What was the sensation like as you got into the sessions and began doing the playing? Did you get lost in the music after a short time? Did you set a certain interval of time to play, then hear a playback to review what you did or did you just play…. and then stop?
More of the first description. We’d play a couple numbers, then play it back. There was never a time when we’d do a track then review then do the track again. You can keep up your stamina better that way then recording for four hours and listening for the next two.
That makes perfect sense. I have some material here that references different influences on different tracks on Batique: when you’re playing, in this context or any other, do you hear these influences as you’re playing flashing through your head?
Let me try to explain this properly. It’s not like billboards in front of me. Instead they’re subtle images that I’m aware of, very deeply, that are behind me. I can sense them as they occur and there are also things that come up during playback that I realize I was not thinking of at the time, but are so obvious hearing them after the fact, so to speak. It’s only natural on both fronts because of all the stuff I’ve been exposed to.
I suppose it would be something akin to an out of body experience if you hear yourself play, in the moment or after, and say “Oh, I see how I put this together!”

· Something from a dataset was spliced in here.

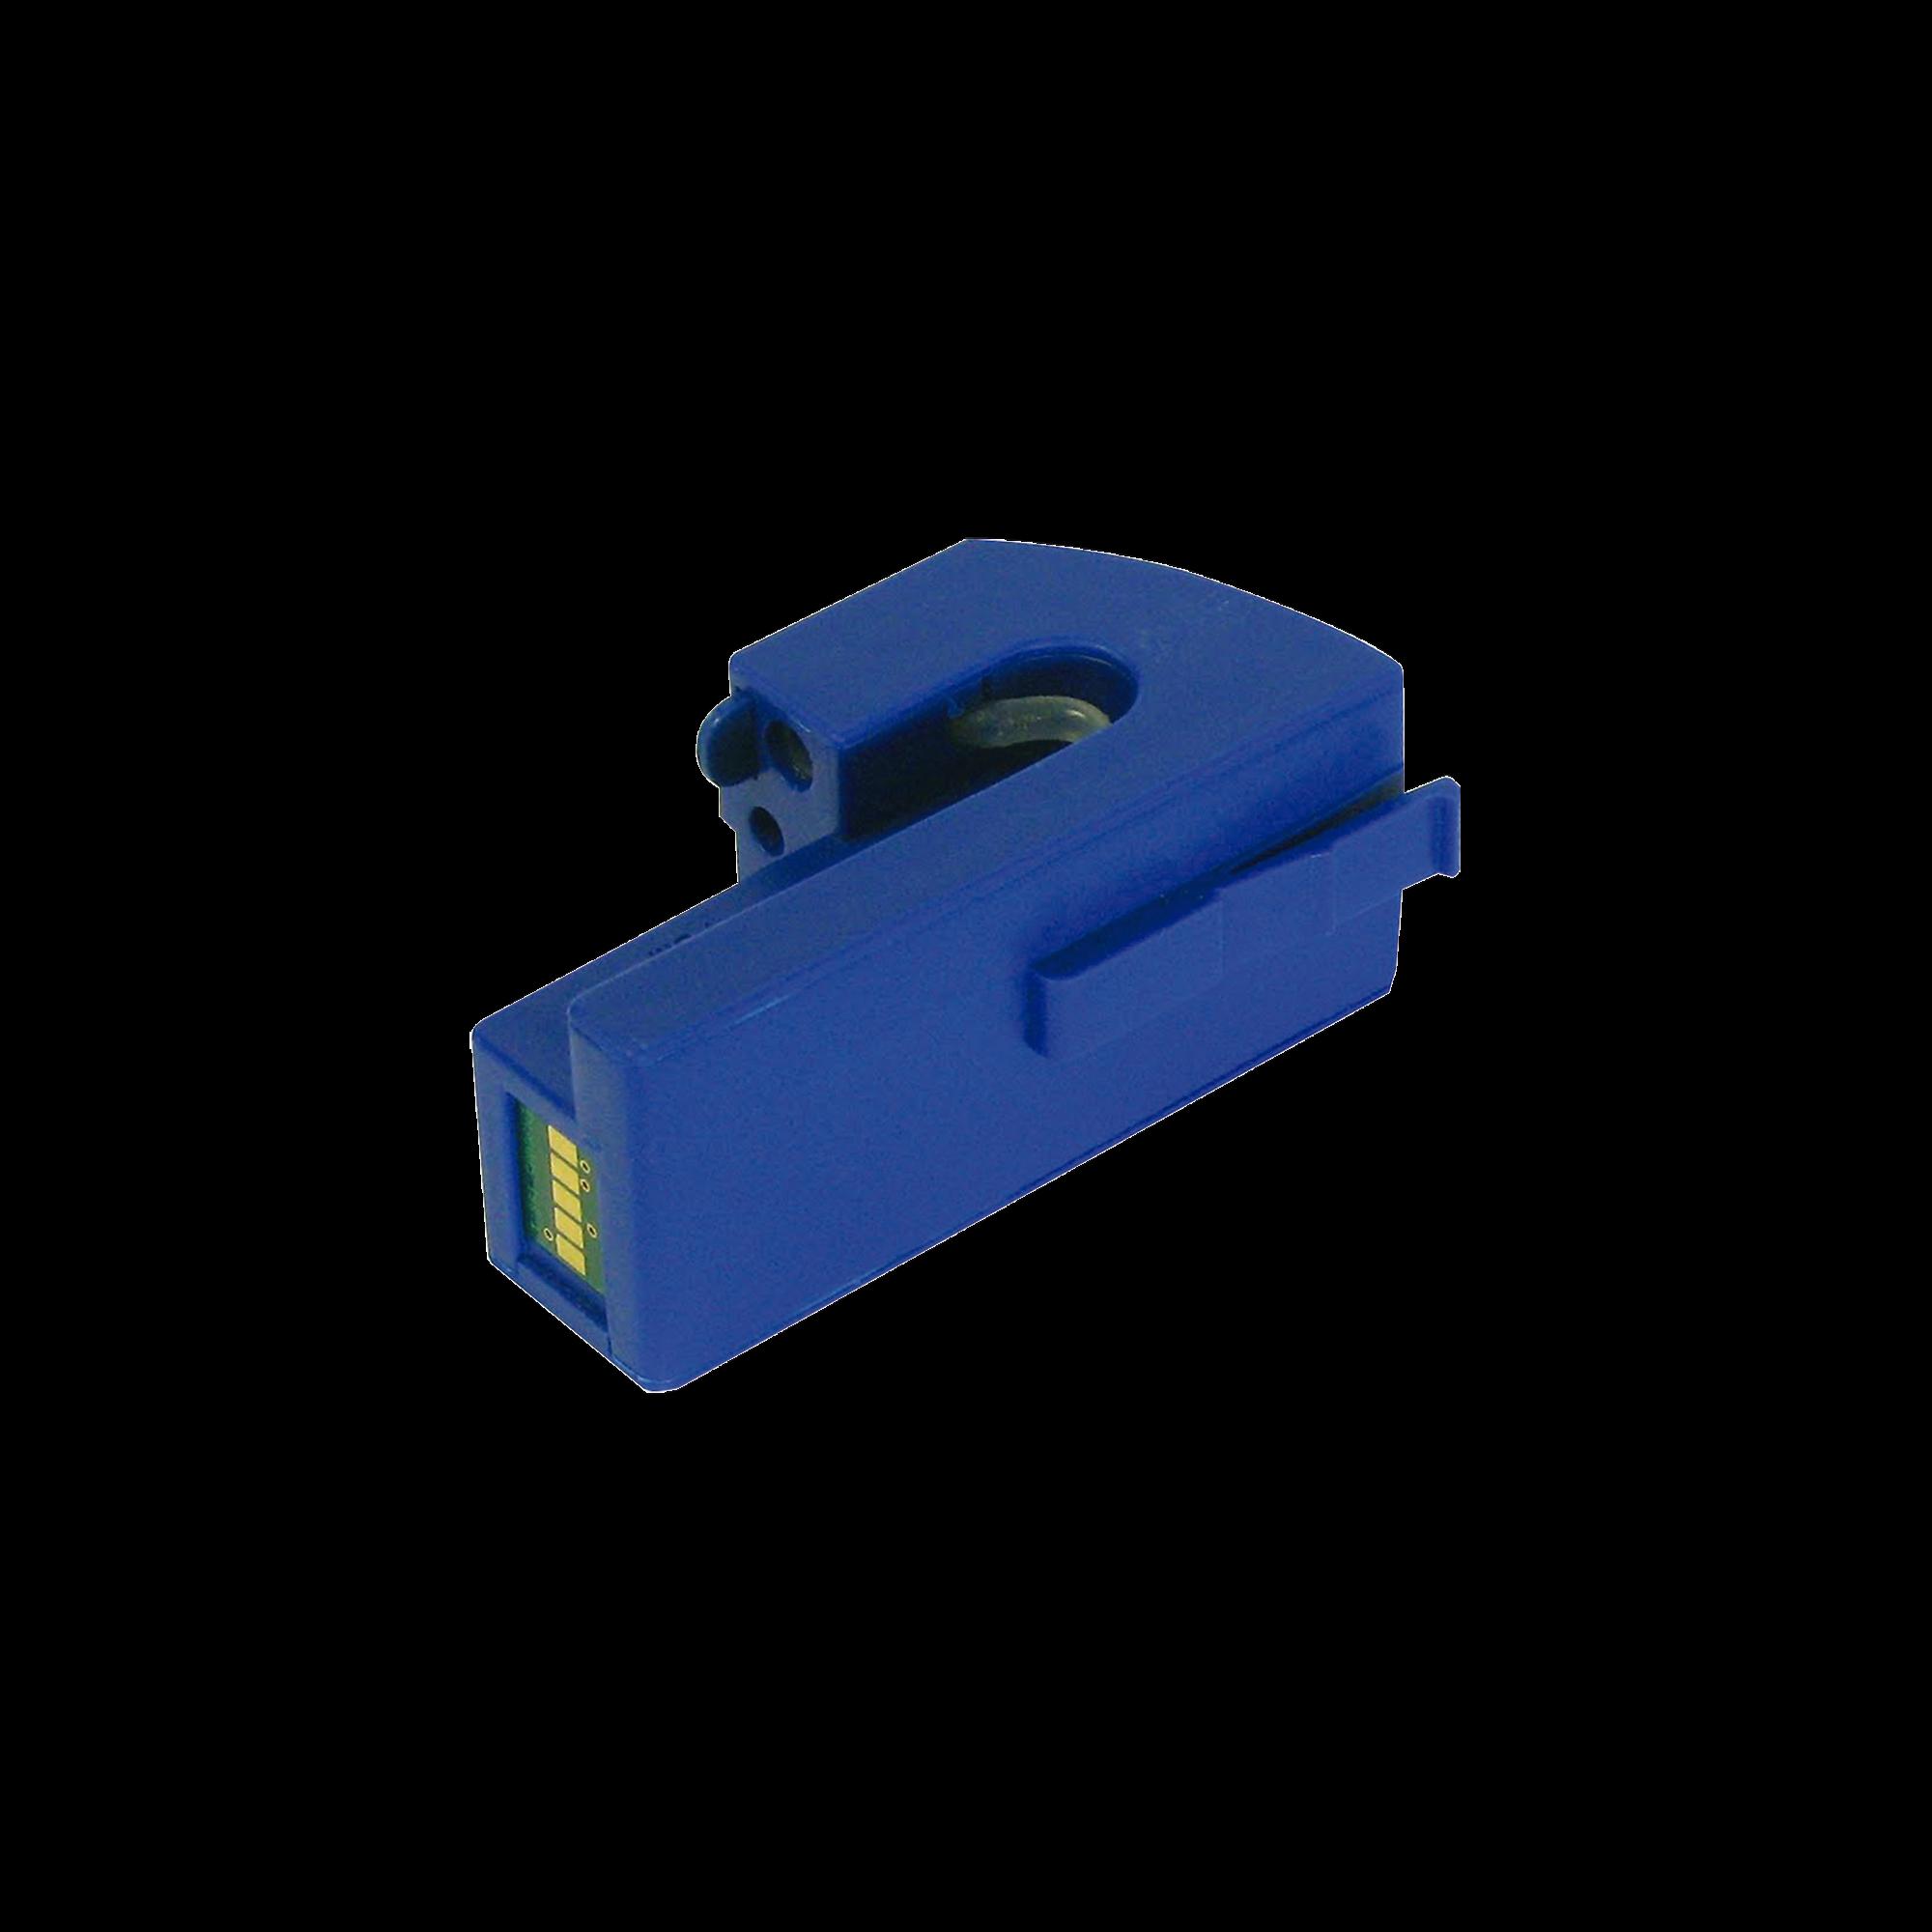 Repuesto de Cápsula de Humo para Probadores SDI, Paquete con 3 Piezas

Yes and it’s mostly ex post facto and it’s a collection of influences of people I’ve know directly and indirectly. Jerome Garcia, for instance, or film score composer Maurice Jarre, who was kind enough to allow me an hour to pick his brain, so all this stuff is in there and it’s all emulsified together. I can’t un-know the ragtime I’ve picked up over the years, for instance
And why would you want to really? As you were listening back to these takes of free playing for an interval, rather than “Here’s a song we’re going to do!” how did you come up with the titles?
Usually they would suggest themselves. There were several little methods we would use and one that’s mad-lib style: in concert, we’ll work with the audience to come up with a title, then play that. I use a method called the Terry Riley Formula borrowed from my friend of over fifty years: he would use something generic something exotic and something ideal, such as “Sunrise in the Interplanetary Dream collector” or “A Rainbow in Curved Air.” One way or the other the title will fit that formula. One time at a festival in Toronto, Bob and I did “Canadian Hippopotamus Polka”—that stopped the show!

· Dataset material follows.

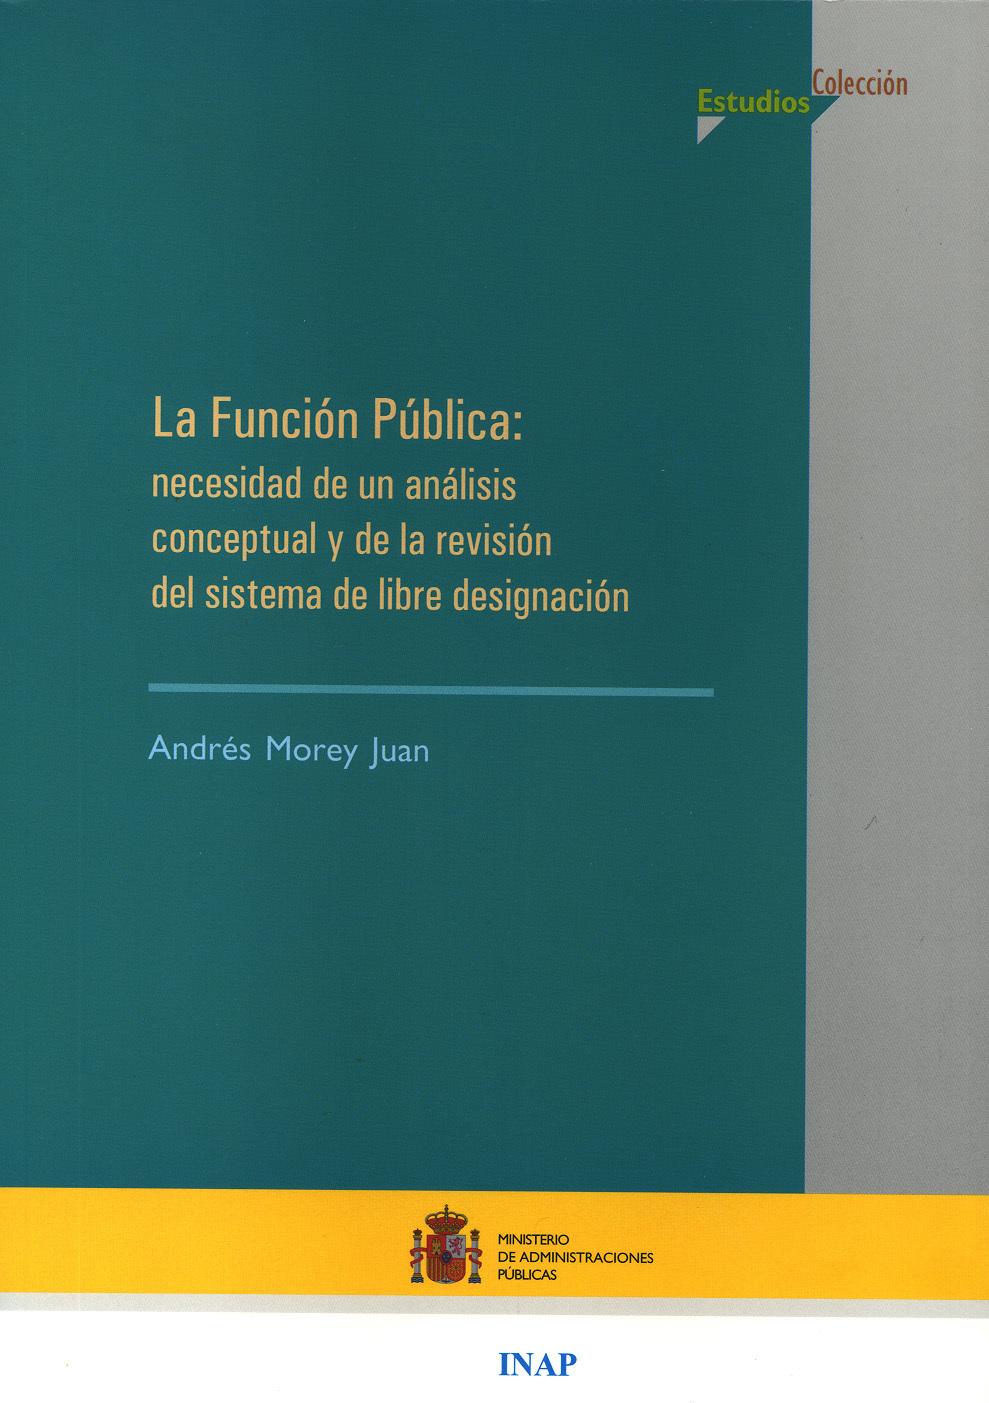 La Función Pública: necesidad de un análisis conceptual y de la revisión del sistema de libre designación
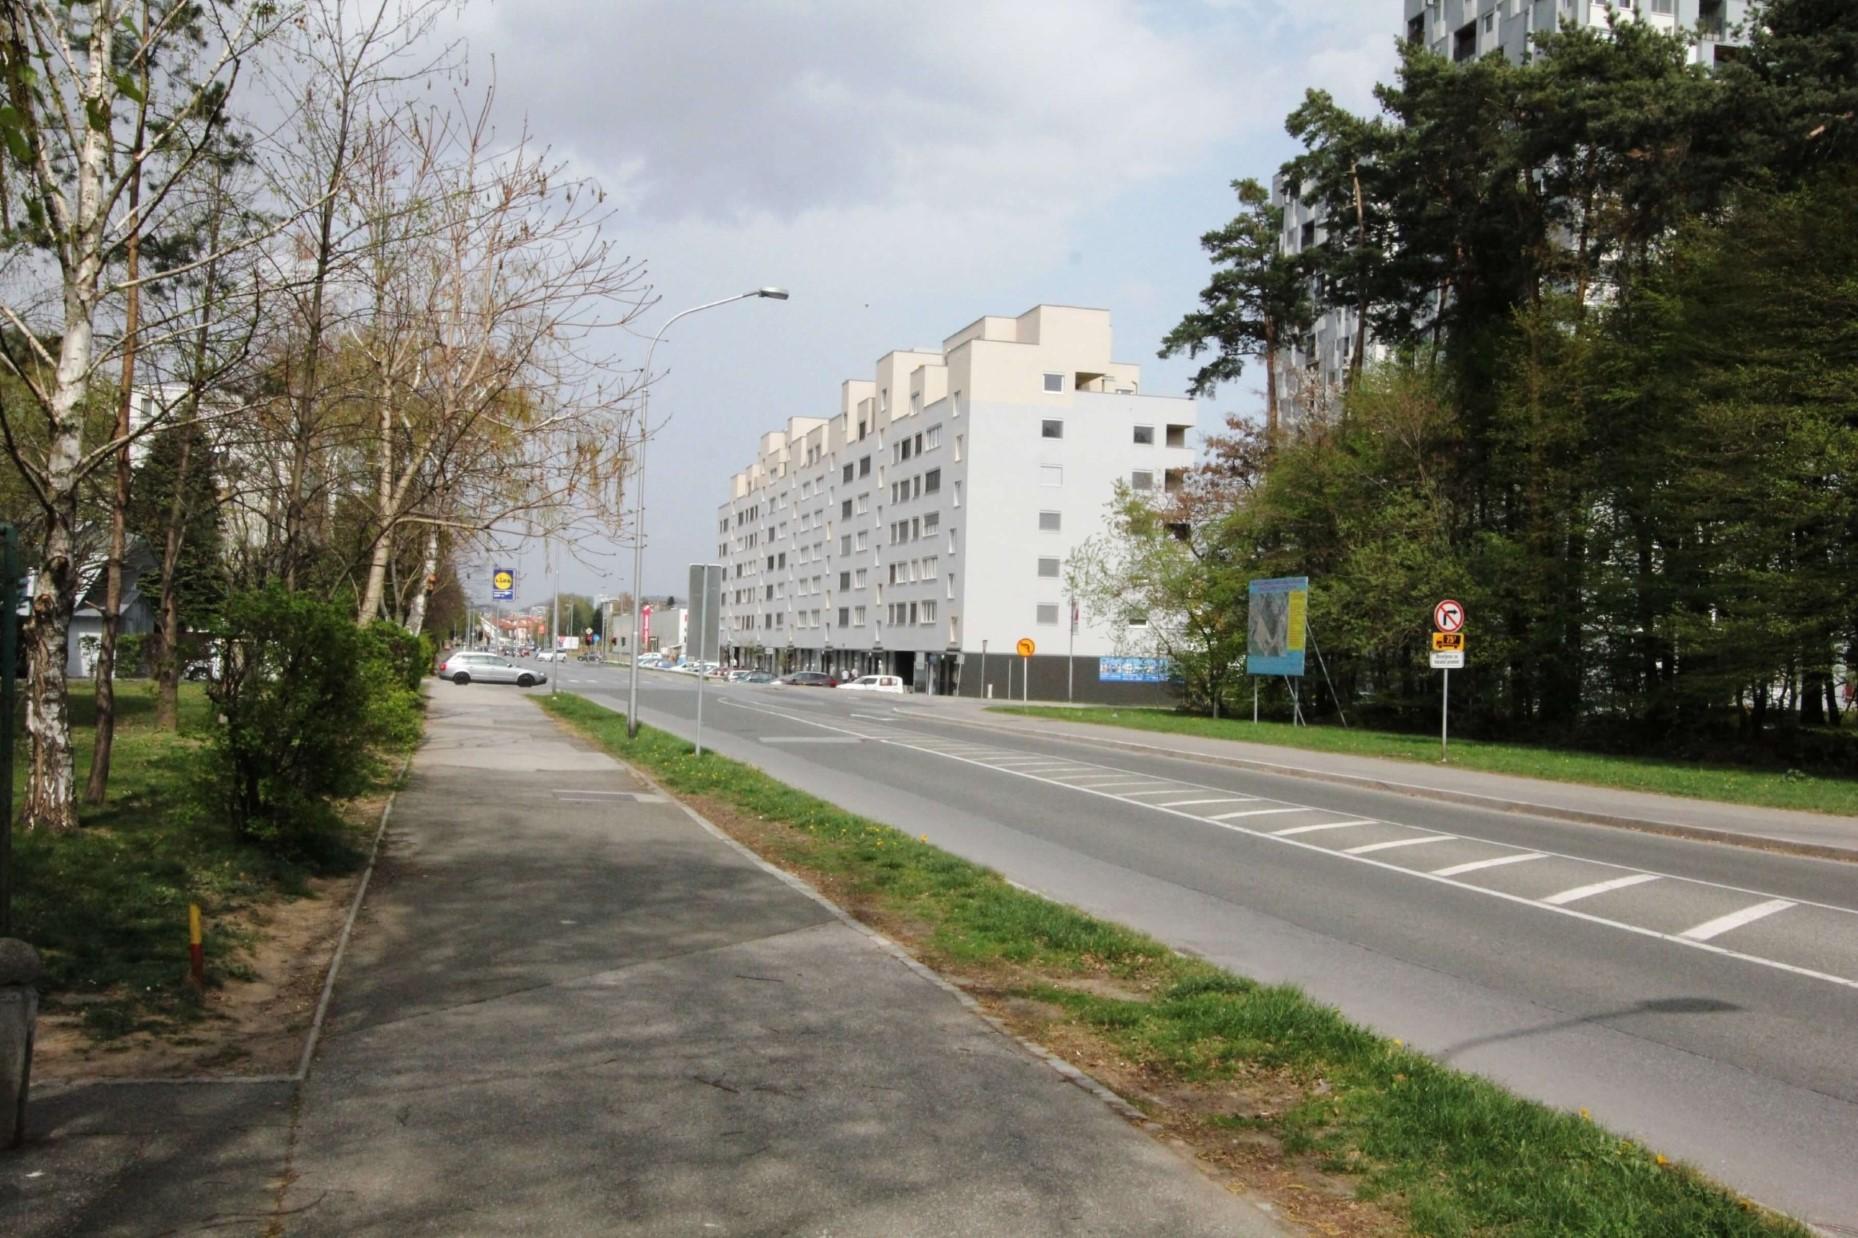 """Fotografija v sklopu """"Stavbe"""" z nazivom """"Gravitas 05_04_2012_0005"""""""

(Laughs) I bet it did. Do you have plans to do any live shows based on this recording? I would think it would be fascinating to be in the room with you guys.
We have a cluster of them booked in early August. I’m horny to play (laughs).
You must then be very satisfied with what you came up with, but did it come out like you expected? Or was there surprise somewhere in it or permeating the whole thing that, when you got it all together, you went “We didn’t plan it that way but, boy I love serendipity?”
My attitude is expectations are non-existent. We figure it’d be pretty good some way or another. To get back to the ‘Batique’ theme, we’re knitting a movie we haven’t seen yet. Is that metaphor mixed enough?
Sure, but it makes a lot of sense. As you talked about the billboard concept, it’s all about pulling out the scenes in your head and placing them in a certain sequence.
There’ll be there anyway subconsciously. You can’t be anyone except yourself based on what you’ve absorbed during the course of your life
How did you decide on the sequence of tracks? Does the cd bear any resemblance to the order in which they were recorded?
It doesn’t. We went over it painstakingly over several conversations, but let me oversimplify it for a moment to give you an idea: we asked questions like “Which one do you want to begin with” and “Which one do you want to end with?” “Are there any (tracks) that have to precede another one?” It’s like a brainteaser puzzle in which you need to figure things out from the missing information.